Falcon includes a built-in I-cache + D-cache simulator. As your program runs, you can watch the cache fill up, observe hits and misses in real time, and experiment with different configurations to understand their trade-offs.
Open the Cache tab for three subtabs:
- Stats — hit rate, miss count, RAM traffic, and cycle cost for each cache.
- View — a live map of every slot in the cache: which addresses are stored, which lines are dirty, and what the replacement policy is doing.
- Config — change size, line size, associativity, write policy, and latency parameters.
A cache is a small, fast memory that sits between the CPU and RAM. Instead of going all the way to RAM on every access, the processor checks the cache first.
- Hit — the data is already in the cache → fast (a few cycles)
- Miss — the data is not there → the processor loads an entire cache line from RAM → slow (dozens of cycles)

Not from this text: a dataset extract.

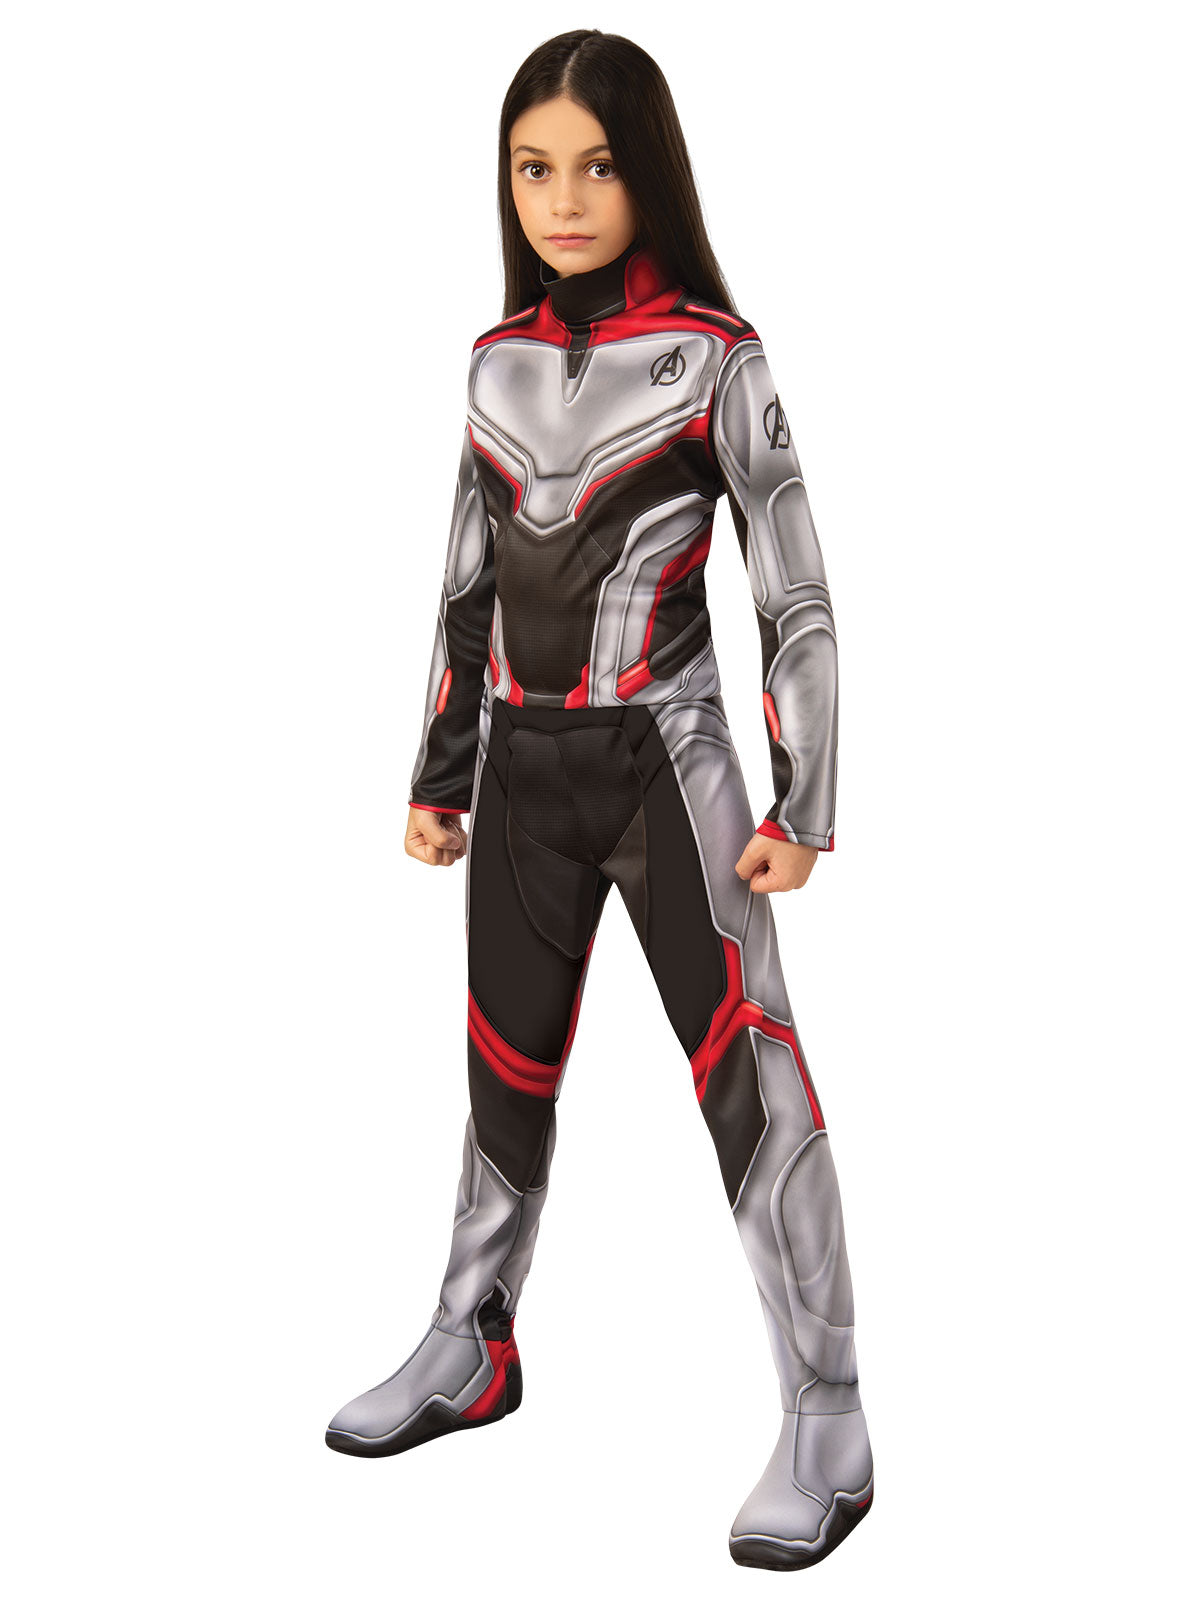 Avengers 4 Classic Unisex Team Child Costume Suit Licensed

Caches are effective because programs tend to reuse data:
- Temporal locality — if you read an address, you'll likely read it again soon.
- Spatial locality — if you read address X, you'll likely read X+4, X+8, … soon (they share the same cache line).
Run cache_locality.fas with the default config to see both effects live.
The cache is divided into sets, each containing N ways (slots). When the CPU accesses an address:
- The address selects a specific set (a small group of slots).
- All N ways in that set are checked simultaneously for a match.
- Hit — found. Miss — not found: one slot is freed (eviction) and the new line is loaded from RAM.
Address → [ tag | set index | offset ]
↓
Set 5 → Way 0 | Way 1 | Way 2 | Way 3
check all 4 slots at once
- Offset — which byte within the line (depends on Line Size).
- Set index — which group of slots to look in (depends on number of sets).
- Tag — identifies which memory region the line came from.
You can see the tag (T:XXXX) and raw data bytes for every slot live in the View subtab.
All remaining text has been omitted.